Weltmeister und deutsche Hoffnungen

von Redaktion

Langbahn-WM-Challenge in Mühldorf mit starkem Starterfeld – Vier deutsche Piloten

Mühldorf – Lange mussten die Verantwortlichen des MSC Mühldorf warten, bis die Starter für die WM-Challenge am Sonntag ab 14 Uhr auf der Mühldorfer Sandbahn feststanden. „Aber das Warten hat sich gelohnt“, so Rennleiter Josef Frohnwieser, „denn das Fahrerfeld ist ein echter Knüller. Diese 20 Top-Athleten kämpfen alle um einen Platz unter den Top-5. Das wird bestimmt für einige Piloten eine ganz heiße Kiste! Denn Challenge bedeutet, dass an diesem einen Renntag entschieden wird, wer künftig um den WM-Titel mitstreiten darf.“

Aus der aktuellen Liste der WM-Starter fehlen nur Martin Smolinski, Lukas Fienhage und Romano Hummel, die alle den Herausforderungen einer Challenge aus dem Weg gehen wollten und darauf hoffen, über den aktuellen WM-Stand – ein Platz unter den ersten Sechs ist notwendig – sich für die Finalrunde 2025 zu qualifizieren. Ansonsten ist alles am Start, was im Langbahnsport Rang und Namen hat. Mehr als die Hälfte der aktuellen WM-Teilnehmer finden sich in diesem Feld.

Mit Kenneth Kruse Hansen aus Dänemark geht der Gewinner des letzten Mühldorfer Grand Prix an den Start. Der Vize-Weltmeister Chris Harris aus England ist ebenso ein heißer Siegkandidat wie sein Landsmann Zach Waijtknecht. Die Niederländer entsenden Dave Meijerink, die Tschechen setzen auf den erfahrenen Hynek Stichauer, für Österreich geht Andrew Appleton an den Start. Alles Leute mit vielen Jahren Grand Prix Erfahrung. Sie kennen die Bahn in Mühldorf bestens und haben allesamt in der Innstadt schon tolle Ergebnisse erzielt. Gespannt darf man auf das Auftreten von Jesse Mustonen aus Finnland sein, der genauso wie seine niederländischen Kontrahenten Mika Meijer und Henry van der Stehen wieder im Konzert der Großen mitspielen möchte.

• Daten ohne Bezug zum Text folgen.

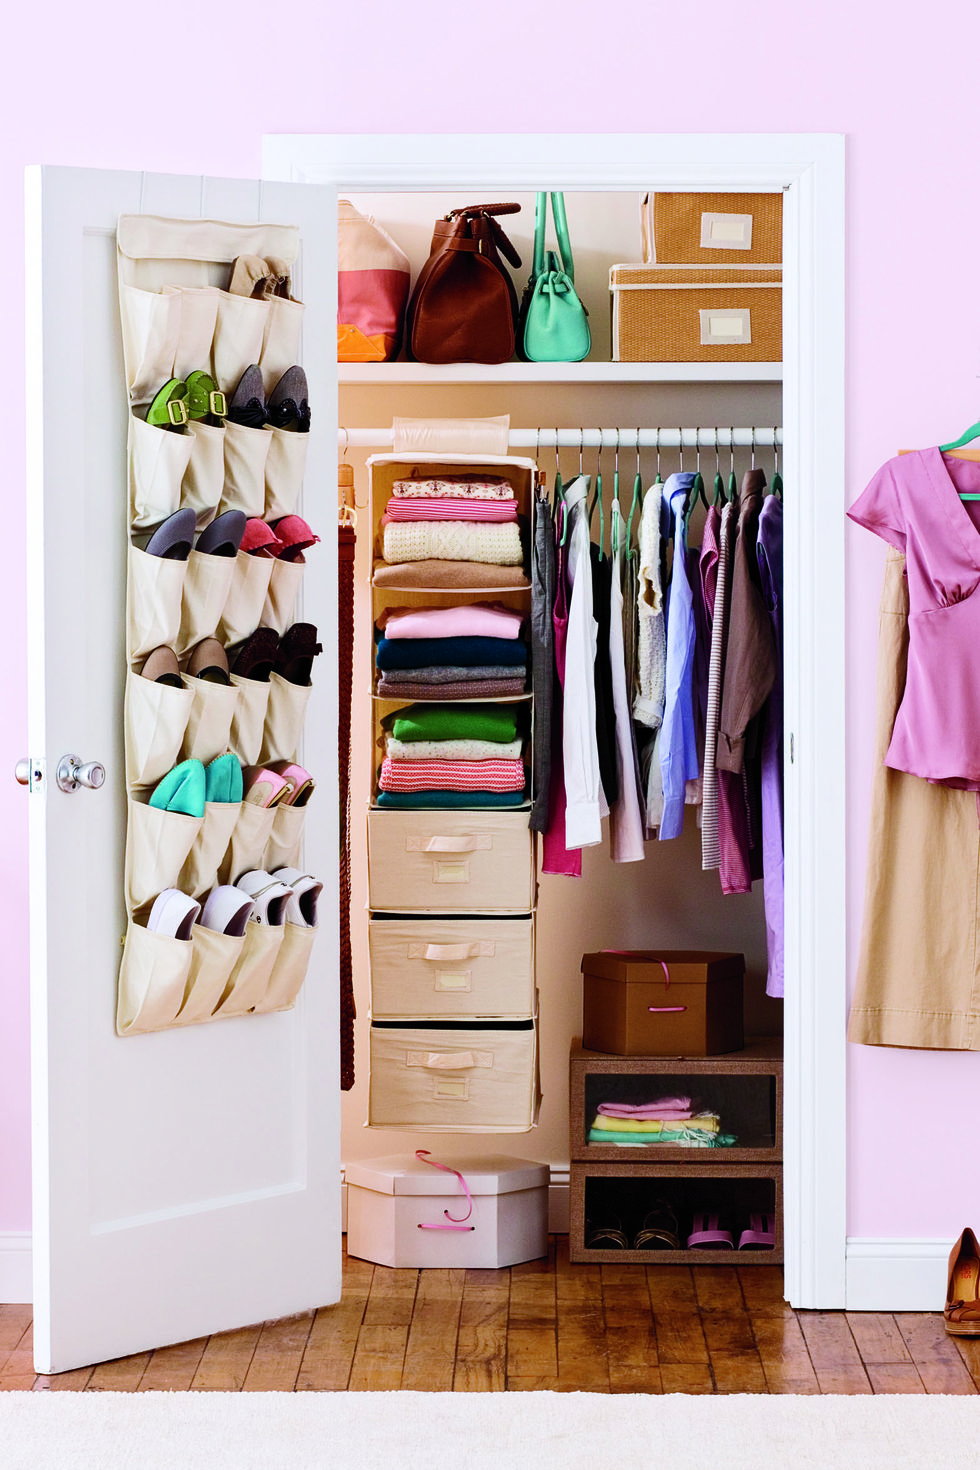 closet organization ideas, shoes in the over the door hanging organizer and clothes in the closet

Und die deutschen Teilnehmer? Stephan Katt, Club-Fahrer des MSC Mühldorf und erfahrenster Teilnehmer im Feld, möchte nach seiner auskurierten Beinverletzung wieder groß angreifen und hat die Qualifikation fest im Fokus. Max Dilger fühlt sich nach seinen gesundheitlichen Problemen wieder fit und hat auf der Sandbahn durchaus gute Chancen, den Sprung in den Grand Prix Zirkus wieder zu schaffen. Daniel Spiller aus Vilsheim fährt in seiner zweiten Internationalen Saison und gehört zu den aufstrebenden Piloten. Für ihn gilt es, Erfahrung zu sammeln und durch eine gute Platzierung sich für weitere internationale Aufgaben zu empfehlen.

Die größten Chancen werden dem vierten deutschen Fixstarter eingeräumt: Erik Riss aus Bad Wurzach wurde bereits als 19-Jähriger im Jahr 2014 und dann in 2016 erneut in Mühldorf Langbahn-Weltmeister. Er möchte nach einem längeren Ausflug auf die unterschiedlichsten kürzeren Speedwaybahnen wieder vermehrt in den Langbahnsport einsteigen und ist natürlich ein heißer Siegkandidat für dieses Rennen.

20 Fahrer, 23 Rennläufe, 23-mal Starts und Nervenkitzel – und am Ende können sich nur Fünf für den Grand Prix qualifizieren. Den Drift-Künstlern wird am Sonntag alles abverlangt, die Fans müssen ihrem Favoriten kräftig die Daumen drücken, damit am Ende ein weiterer GP-Startplatz für einen deutschen Fahrer zu Buche steht. Die Chance ist durchaus vorhanden, aber Motorsport ist immer eine Gratwanderung. Eine Vorhersage, wer unter die besten Fünf kommen wird, ist äußerst schwierig. Die Lösung der Frage gibt es am Sonntag ab 14 Uhr im Mühldorfer Rennbahnstadion.